У калитки адвоката рванула за ногу захлебывающаяся собака; адвокат, потеряв цилиндр, вырвался на улицу, вскочил в карету и, держась за ногу, велел гнать лошадей.
Парфен Дмитрич с грохотом захлопнул калитку и долго ругался и грозил кулаком, косматый и страшный. А потом опять залез к себе в берлогу и не показывался. Снова мрачен и молчалив стоял дом. И уходили дни и месяцы.
Федосья, когда приходила в кухню из комнат, куда ходила относить обед, рассказывала:
– Страшно там. Темно. Ставни все заперты. Прибирать не велит. Дух тяжелый, чисто преет все. Не продыхнешь. Кости, объедки – так все там и остается. Самого и не вижу, только слышно, бубнит: «Все-о забрал, все-о, а этого не заберешь. Не-э-э!..» – и звякнет об кассу. Поставишь в прихожей обед да скорее вон.
– Не жилец на белом свете, – замечал Пимен.
– Должно, в кассе не провернешь денег, – вставляет дочка.
– Може, и нам чего откажет, как помрет, молиться за душу его несчастную. Денег для базара совсем мало стал давать, не знаю, как и оправдывать.
– Держи карман ширше, – сердито высморкался солдат, – как бы не завещал.
И все трое стали чего-то ждать. Чего, они сами не знали, но внимательно вглядывались в темные, молчаливые окна и в оконце, которое одно только светилось по ночам.
...Пришла осень, ушла зима, стояли тихие звездные задумчивые вечера над цветущим садом, молчаливым двором, угрюмым домом, маленькой кухонькой и собачьей будкой.
В кухоньку кто-то постучался. Там засуетились. Солдат и дочка спрятались за полог. Федосья подвернула лампочку и отворила. Из темноты чуланчика шагнул, сильно сгибаясь, адвокат в цилиндре.
– Здравствуйте.
– Доброго здоровья.
Он снял цилиндр, слегка почистил рукой и почистил колени.
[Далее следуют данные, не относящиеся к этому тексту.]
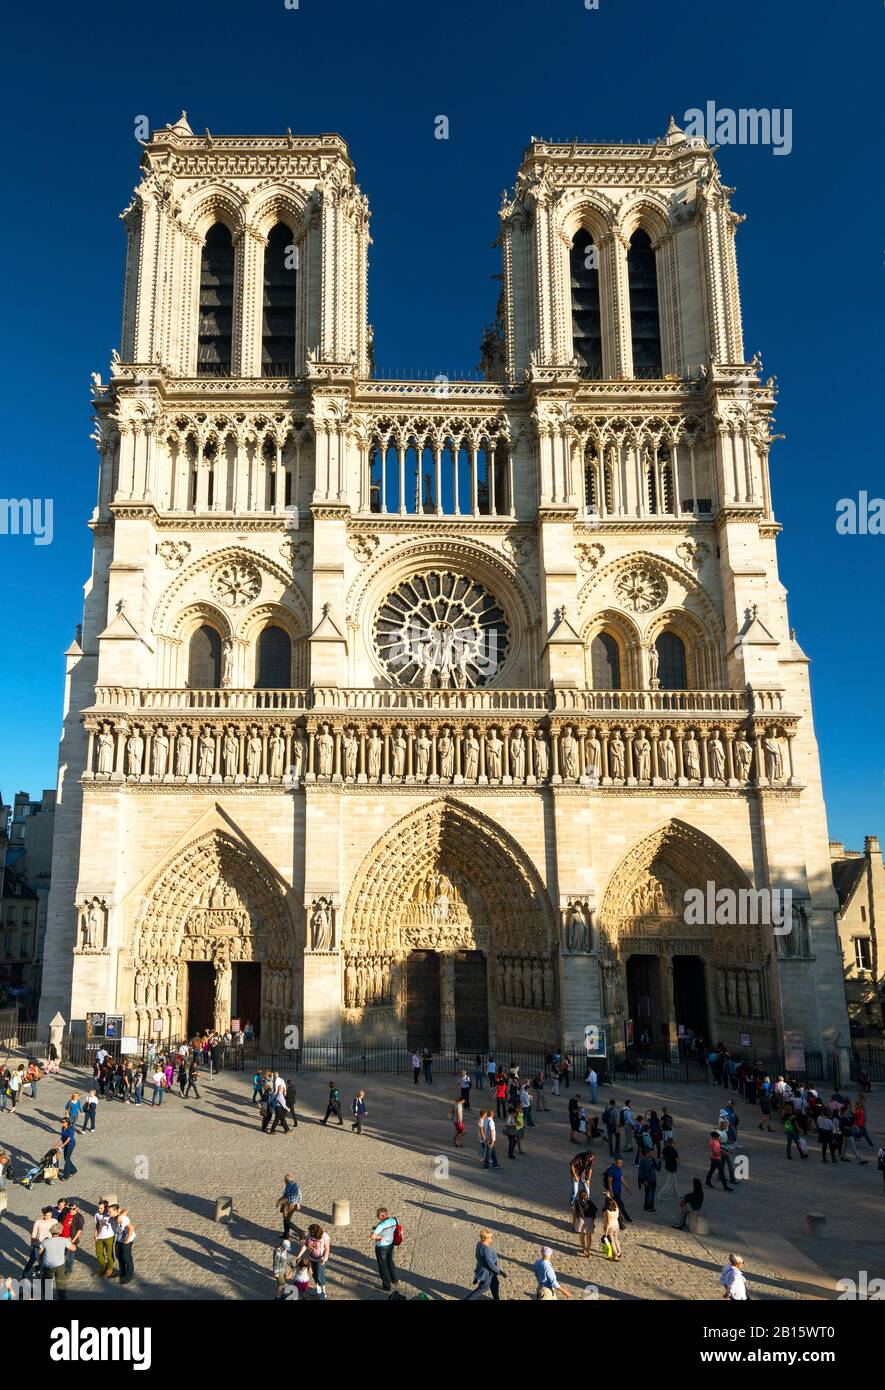 PARIS - SEPTEMBER 24: Tourists visiting the Cathedral of Notre Dame de Paris on september 24, 2013. Notre Dame is one of the top tourist destinations Stock Photo
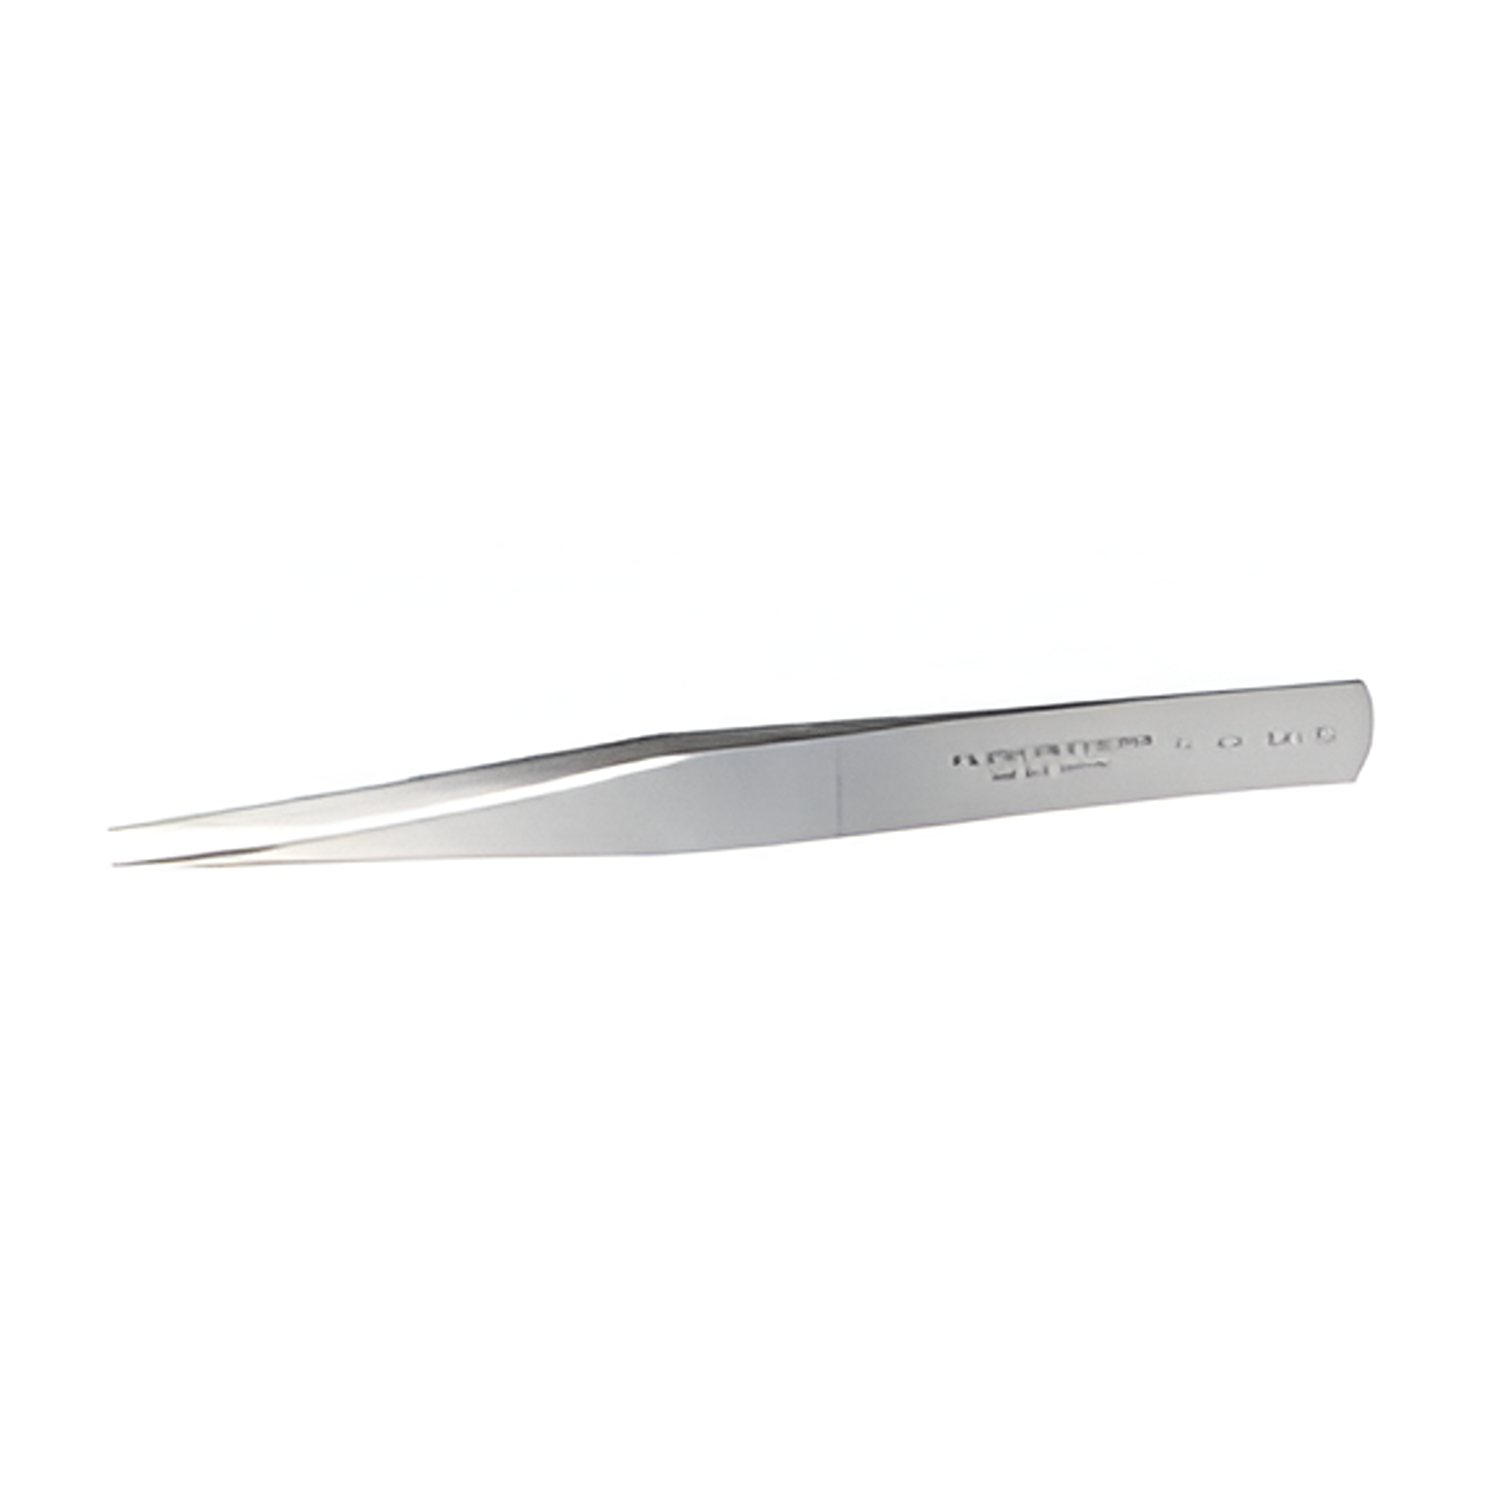 BAHCO TL AA-SA-SL Tweezers with Strong and Fine Tips 130 mm - Premium Tweezers from BAHCO - Shop now at Yew Aik.

– Ну, как дядюшка? Как здоровье? А ты чего распустился? Папиросы крутишь... Не видишь, с кем разговариваешь!..
– Как не видать, вижу. Зараз пойтить сказать. Велел доложить, как вы прийдете...
– Нет, нет, нет... Зачем же!.. Ты куришь? Не угодно ли, – он раскрыл вызолоченный порттабак, – я человек простой, садись, пожалуйста...
– И как вы влезли – в калитку не пройдешь, через забор высоко, опять же гвозди.
– Нда-а... – замялся адвокат. – Ну, как он? – и повертел пальцем себе около лба.
– Да что ж, обыкновенно, – проговорила Федосья, вытирая о фартук руки, – как люди. Что ему? Один.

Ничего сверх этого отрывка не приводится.